Como dato curioso publicamos una fotografía correspondiente a la casa G. Rodríguez Co., reproducción de un balcón artístico. Cuando la casa se construyó por el señor Martín Calvo de la Puerta, su propietaria era una obra Pía, de donde tomó el nombre la calle tan conocida y en la que se desarrollaba gran movimiento comercial.

De interés:
Los señores Manuel Pi y Germán Rodríguez quienes eran propietarios de G. Rodríguez y Co. también lo fueron anteriormente de Seeler Pi y Co., S. A. Esta última casa era desde el 31 de julio 1916 propietaria de la marca de comercio Polar que servía de amparo a varios productos alimenticios como manteca, grasas, mantequilla, jamones, chorizos y otros.

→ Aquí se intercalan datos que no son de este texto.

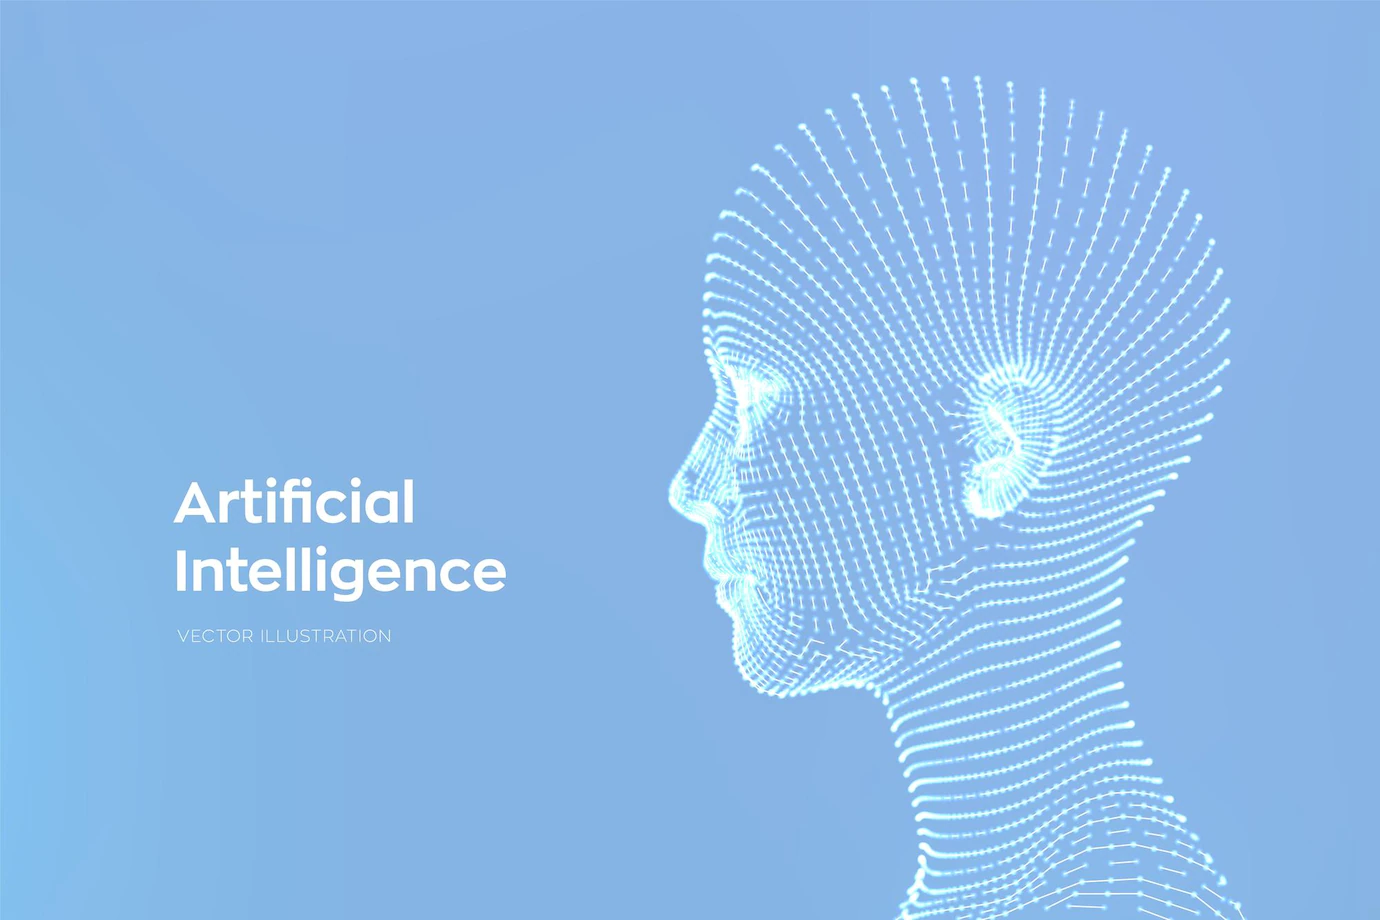 Ai Artificial Intelligence Concept Ai Digital Brain Abstract Digital Human Face Human Head Robot Digital Computer Interpretation Robotics Concept Wireframe Head Concept Vector Illustration 597744 34

Durante la I Guerra Mundial los Estados Unidos prohibió el comercio con algunos negocios que tenían de alguna manera lazos con los países beligerantes siendo incluidos en La Lista Negra.1
En virtud de las dificultades que se le han presentado, por haber sido incluida en la lista negra, a la Sociedad Seeler Pi y Co., S. A., ayer, ante Notario (22 de diciembre 1917), se ha acordado disolver la mencionada sociedad, después de liquidar, quedando los señores Manuel Pi y Germán Rodríguez, que formaban parte de ella, en aptitud de gestionar su exclusión de la lista negra.
En diciembre del mismo año ya han sido excluidos de la “Lista negra y reza así el artículo:
Otra exclusión de la Lista Negra americana.2 Los señores Manuel Pi y Germán Rodríguez, que formaban parte de la importante razón social Seeler Pi y Co., recientemente incluida en la “Lista Negra”, americana y que, por haberse separado de aquella firma, en la que había un súbdito alemán estimaban que debían ser excluidos de la referida Lista Negra, han recibido hoy la grata noticia, que desde Washington manda su abogado en aquella ciudad Mr. Stluart G. Gibboney, en que le dice que la Oficina de Comercio de Guerra, autoriza la reorganización de la firma.
Esto, desde luego, significa que han sido excluidos de la “Lista Negra” dichos señores. Mucho nos alegra la noticia y muy bien ha de ser recibida en nuestros círculos mercantiles por gozar los señores Manuel Pi y don Germán Rodríguez, de generales respetos y simpatías, por su actuación de siempre honorable y provechosa para los intereses económicos del país. Los felicitamos sinceramente.
Y aun en 2 de marzo 1918 se publica:
Nueva exclusión de la Lista Negra.3 Nos envían de la Legación Americana el aviso que a continuación publicamos.
Legación Americana. Habana, marzo de 1918.
Sr. Editor del Diario De La Marina
Señor:
Tengo que participar a usted que las siguientes firmas han sido excluidas de la Lista del Comercio Enemigo de Estados Unidos: Germán Rodríguez, Manuel Pí.
Sírvase dar esta importante noticia en su publicación.
Quedo de usted muy atto. s. s.
(firmado) William E . González, Ministro Americano.
Esta noticia ha de ser bien recibida en la Habana, donde los comerciantes citados y excluidos de la Lista Negra, son muy estimados y gozan de gran crédito. Reciban los señores Rodríguez y Pí nuestra felicitación.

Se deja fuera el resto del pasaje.